I come to you and I am taken back when you come with a kiss of toothpaste to me moist and girlish and quick. Suddenly I become familiar again with my surroundings and why I have chosen them. You make my blood boil with a small bite of your bottom lip and a smile that beckons me to our dream throne. You the queen, and I your king, we exchange a gift that only we could give.
Occasionally I wander back to the days when this gift for both of us to share was more than just a semi-nightly ritual. Before those seven years, before our children crowded our lives with laughter and tears. Before we stopped growing into our bodies that we hoped we would somehow keep for the rest of our lives. There was a time when that distinct taste of mouthwash and baking soda at ten would only come to us in our wildest dreams. Never did we imagine the velocity of our feelings the first time we shared this gift that has brought us our children. Never did I imagine that I would look at you with our own flesh and blood surrounding us.

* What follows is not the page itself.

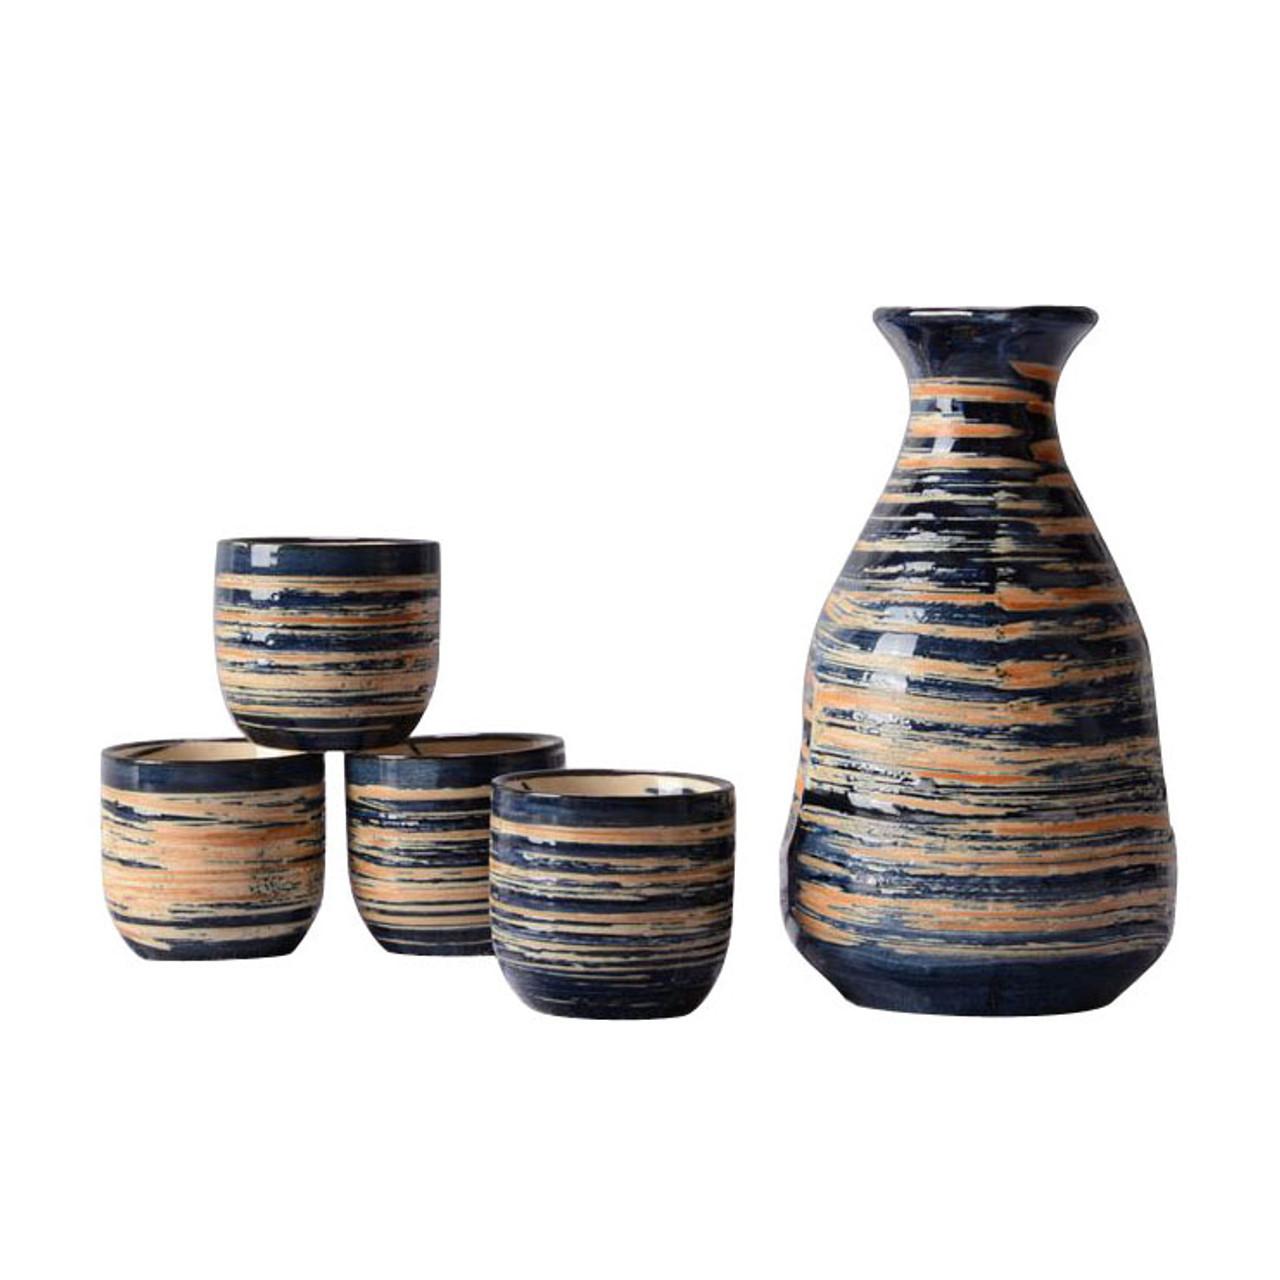 Japanese sake set in black glaze design
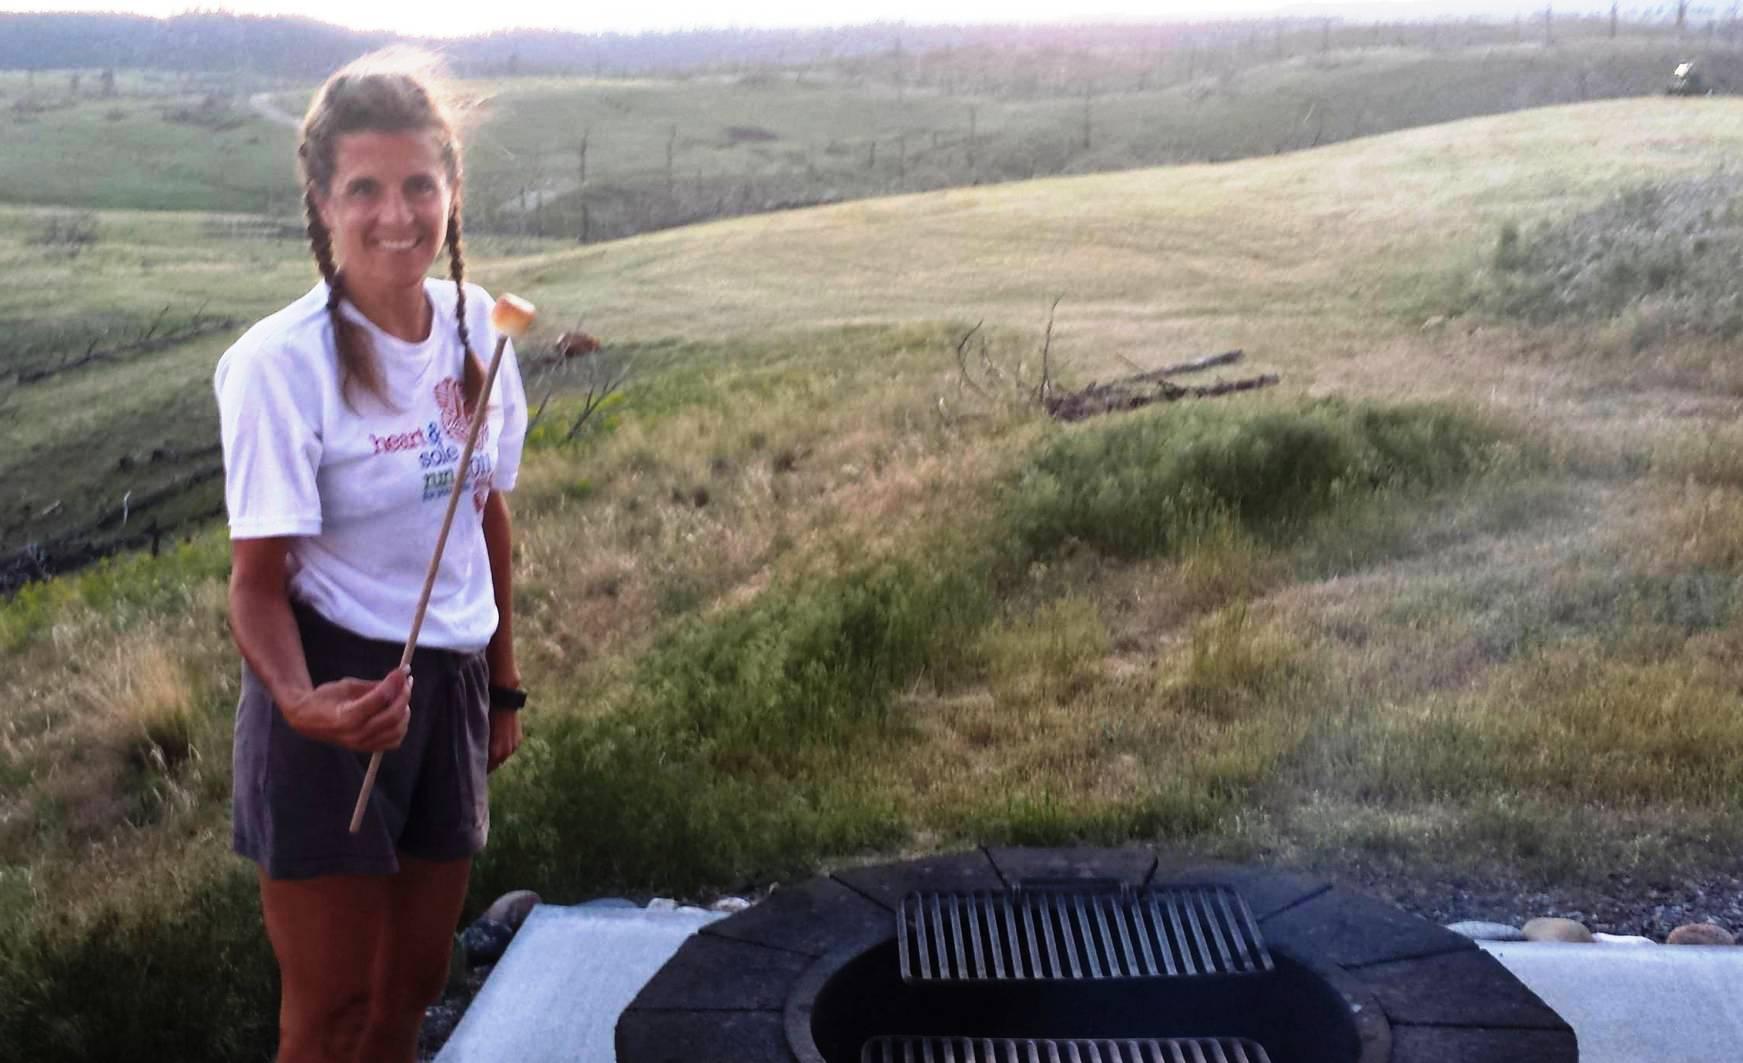 2015-06-08 - Helena Roasting Marshmallows at the Ranch - June 8 2015.jpg

If we knew then what we know now, would we make the same choices that would have lead us in down this pathway? Me knowing the look of you with no cover to hide your morning face and the smell of your pillow breath? You knowing the look of the struggle in my muscles when I hoist our children in the air? Me knowing that we would both one day fall asleep unfulfilled because the other so was immersed in the memoirs of a loosing presidential candidate? As I look into your eyes now and see the same woman that I met those seven years prior, I can see the answer will never waver again.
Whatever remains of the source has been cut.